Minuscule 555
- Text: Gospels
- Date: 15th century
- Script: Greek
- Now at: Cambridge University Library
- Size: 20.1 cm by 14.5 cm
- Type: mixed
- Category: none

= Minuscule 555 =

Minuscule 555 (in the Gregory-Aland numbering), ε 519 (in the Soden numbering), is a Greek minuscule manuscript of the New Testament, on a paper. Palaeographically it has been assigned to the 15th century.
Scrivener labelled it by number 609.

== Description ==

The codex contains a complete text of the four Gospels on 185 paper leaves (size ). The writing is in one column per page, 19-25 lines per page.

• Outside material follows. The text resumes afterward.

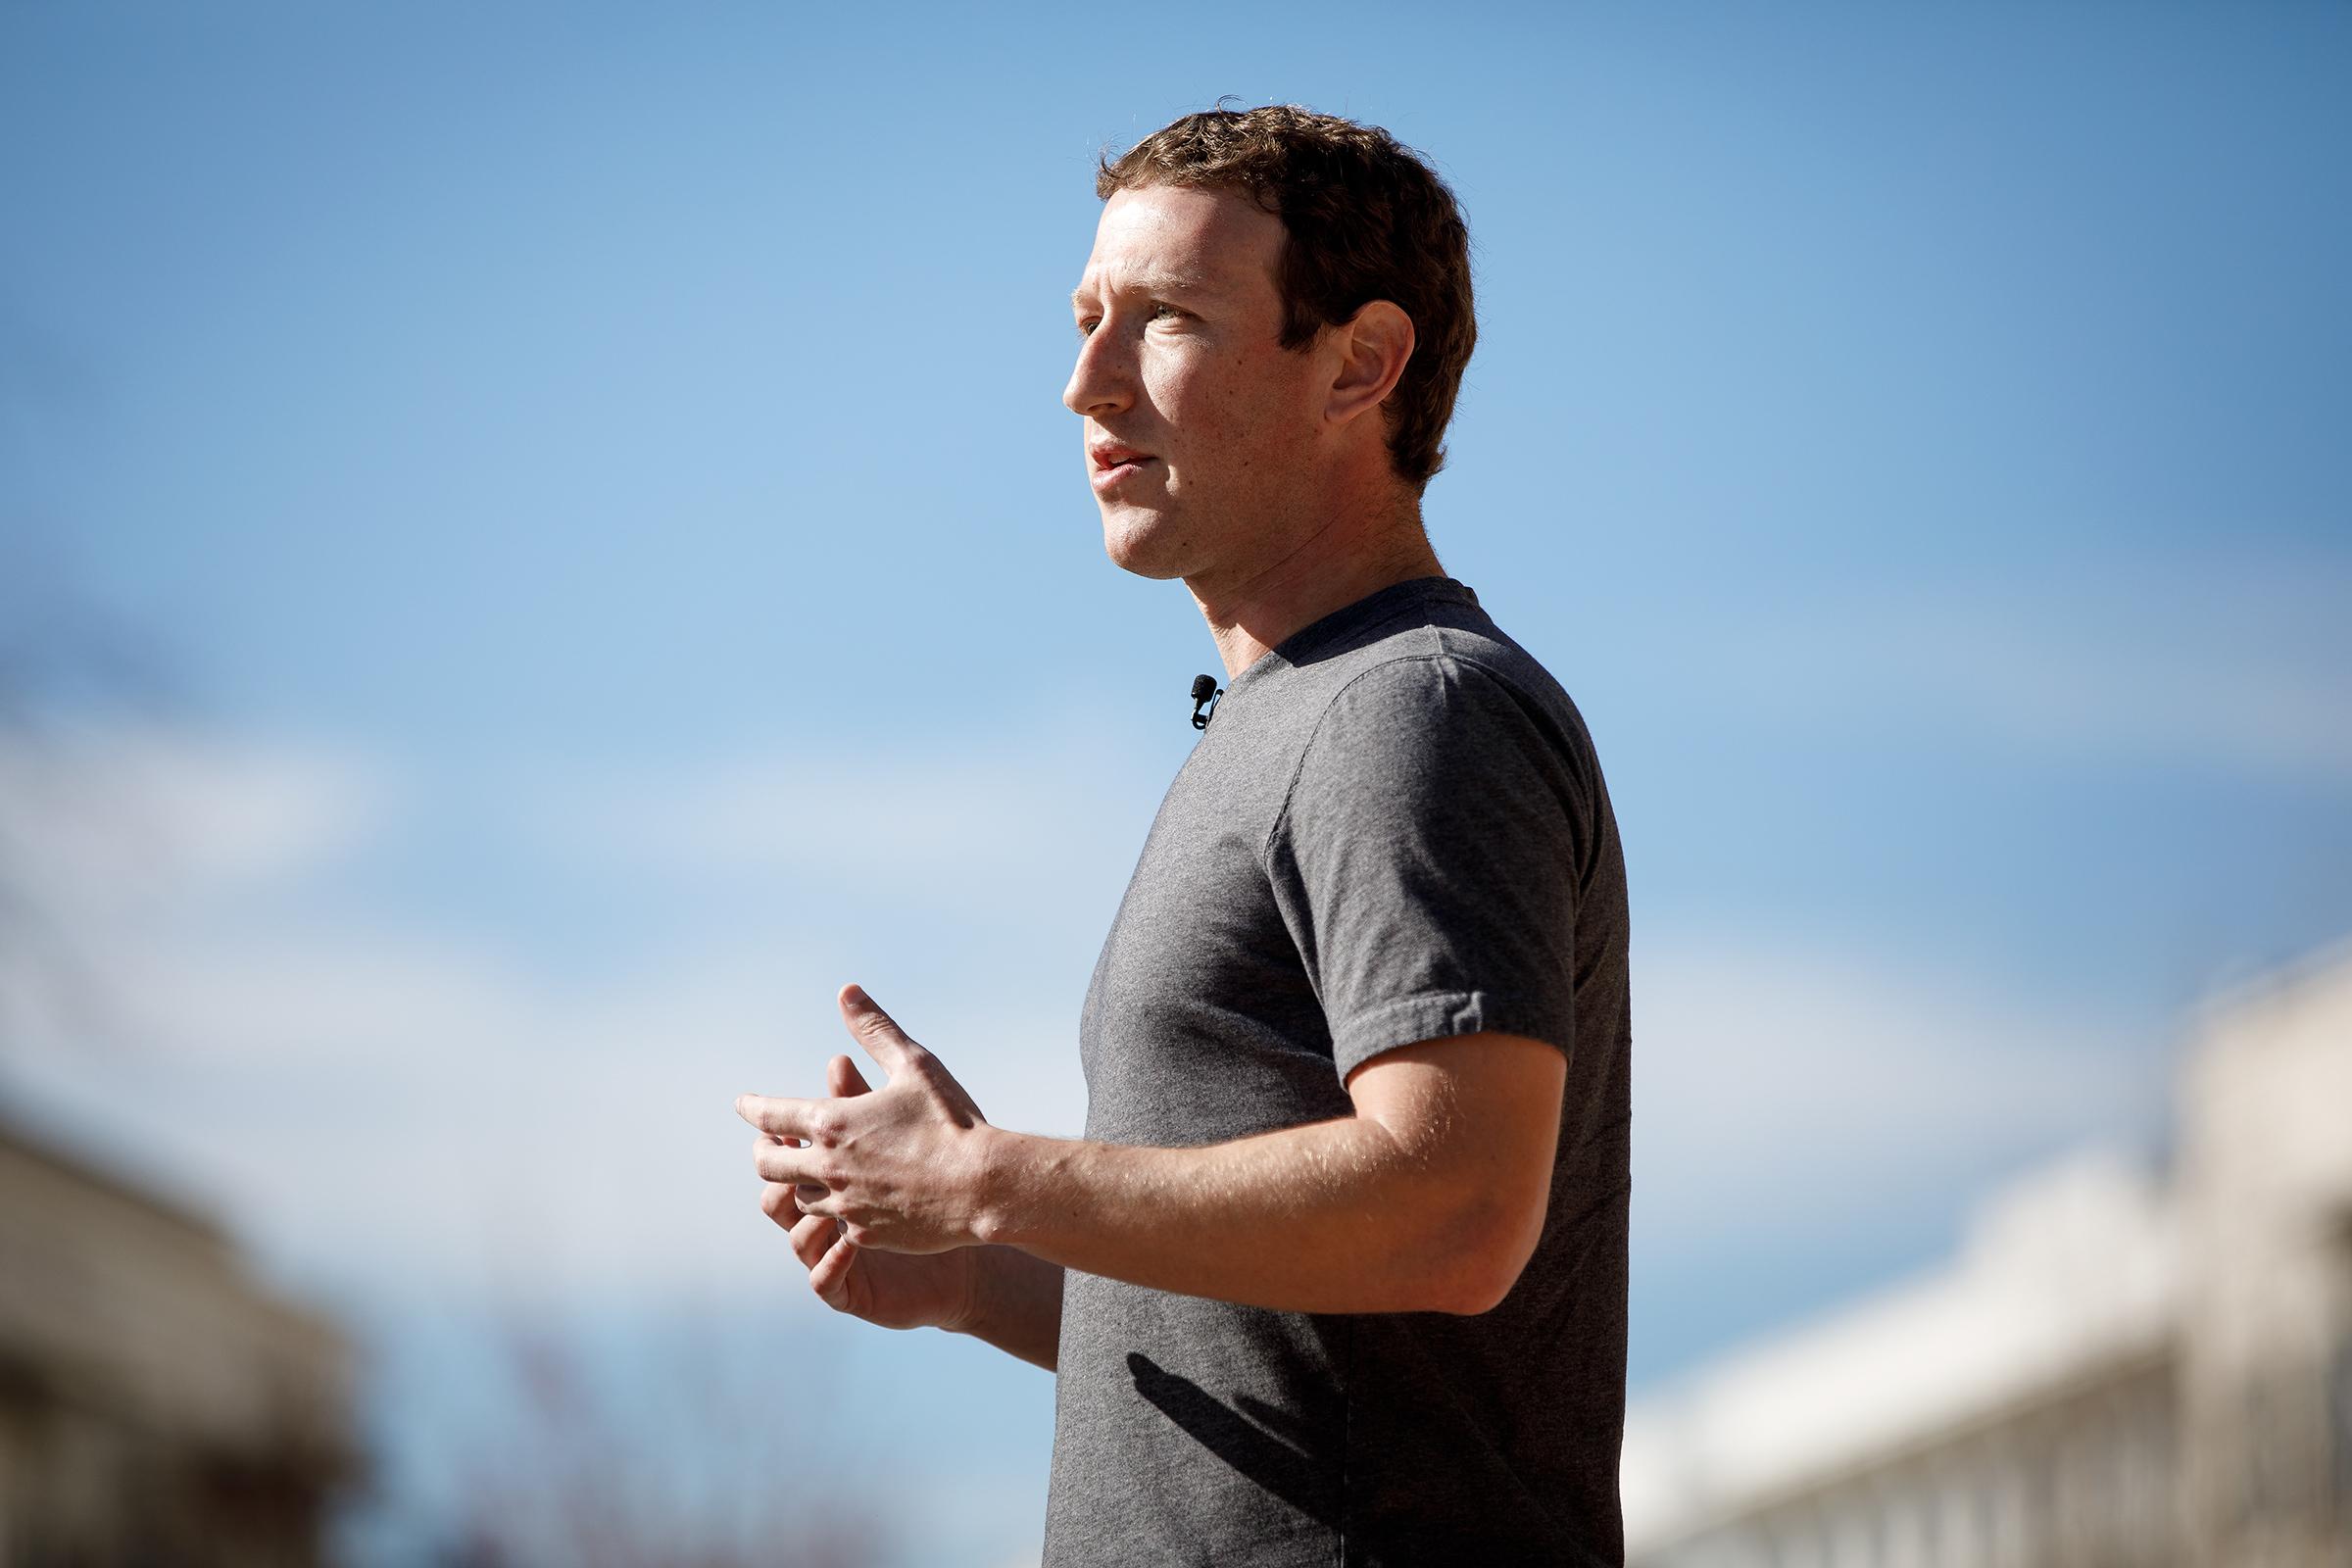 Facebooks First President On Facebook >> Facebook S Mark Zuckerberg Wrote A 6 000 Word Letter Addressing Fake

It contains Prolegomena, tables of the κεφαλαια are placed before every Gospel, and subscriptions at the end of the Gospels.

== Text ==

The Greek text of the codex Aland did not place in any Category.
According to the Claremont Profile Method in Luke 1; 10; and 20 it belongs to the group 1216 and creates a pair with 152.

== History ==

Currently the manuscript is housed at the Cambridge University Library (Hh. 6.12) in Cambridge.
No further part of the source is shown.